4.6.2. “Genomic Imprinting” na Gestação
A placenta de mamíferos eutérios possui células derivadas de dois
indivíduos: o concepto e a mãe. Durante o desenvolvimento da placenta, células
de origem embrionária e materna formam vários tipos celulares de íntima
associação anatômica, resultando em regiões especializadas conhecidas como
interface materno-fetal. Em decorrência da interação entre células desta interface
ocorrerão as trocas entre o feto e a mãe, necessárias para a viabilidade e
crescimento fetal. Estudos dos genes “imprinted” mostram que os mesmos são
importantes no desenvolvimento fetal, placentário e mesmo comportamental, com
expressão monoalélica sendo identificada durante o desenvolvimento pré-natal
(REIK et al., 2003). Dentre os diversos genes “imprinted” já descritos, o Igf2, o H19
e o Igf2r tem sido os mais estudados em camundongos devido à importância dos
mesmos durante o desenvolvimento da gestação.
O gene “imprinted” Igf2 (fator de crescimento semelhante à insulina tipo 2)

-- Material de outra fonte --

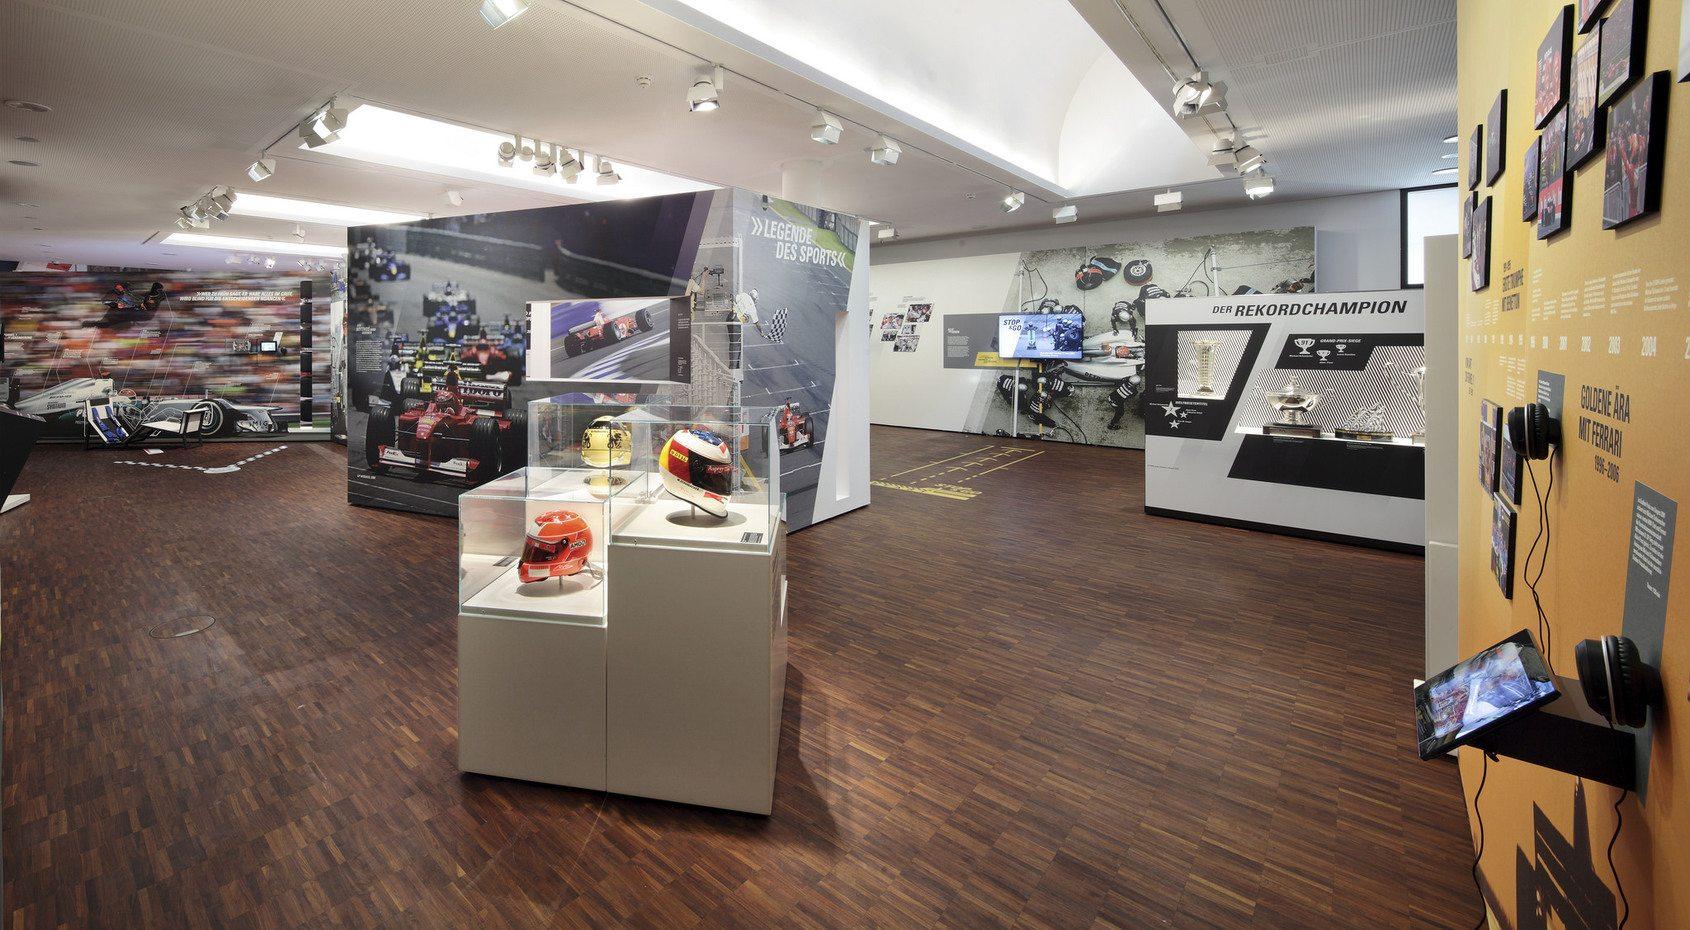 A Michael Schumacherről nyílt kiállítás (Fotó: Deutsche Vermögensberatung)
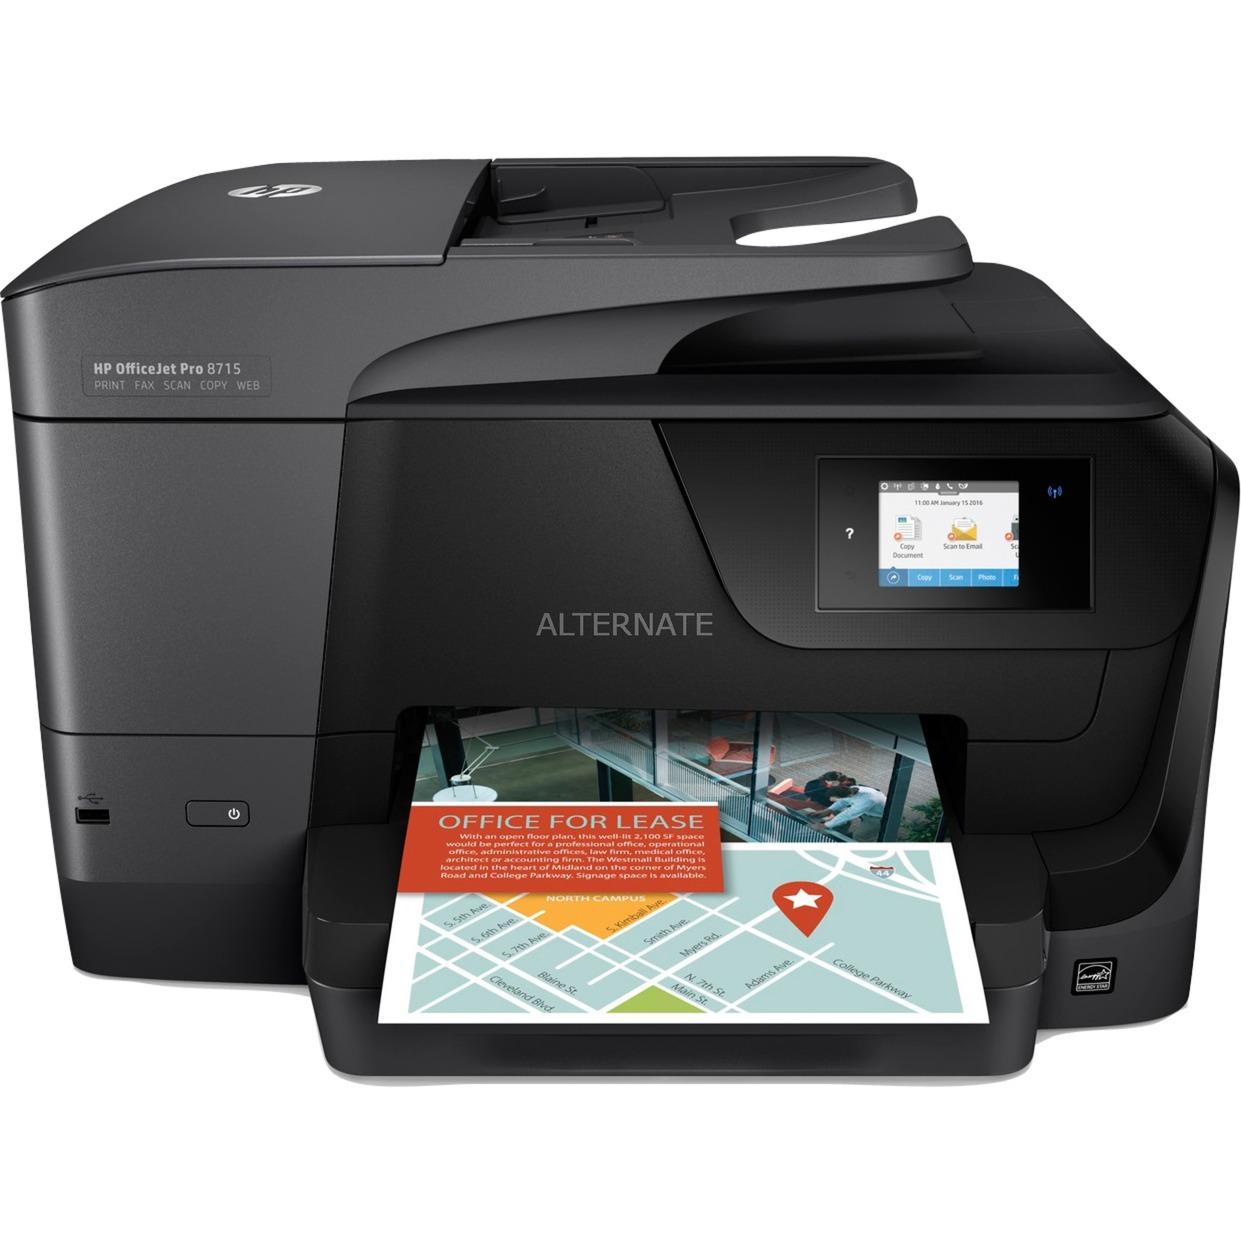 OfficeJet Pro Imprimante tout-en-un Pro 8715, Imprimante multifonction

possui “imprint” materno e é expresso pelo alelo paterno (DINDOT et al. 2004). O
Igf2 é um potente mitógeno que desempenha importante função na diferenciação
celular, comportamento pós-natal, desenvolvimento do cérebro (REIK & WALTER,
2001) no crescimento fetal (De CHIARA et al., 1999; EFSTRATIADIS, 1998) e
desenvolvimento da placenta (CONSTANCIA et al., 2002), e está localizado no
cromossomo 29 em bovinos (GOODALL & SCHMUTZ, 2003). O Igf2 é altamente
conservado, e serve como um ligante para o receptor de Ifg1 e o receptor de
insulina tipo A (MURPHY & JIRTLE, 2003), atuando em uma regulação
autócrina/parácrina dose dependente. Estas funções de ligação ocorrem para
iniciar e propagar os sinais que induzem o crescimento e bloquear a apoptose.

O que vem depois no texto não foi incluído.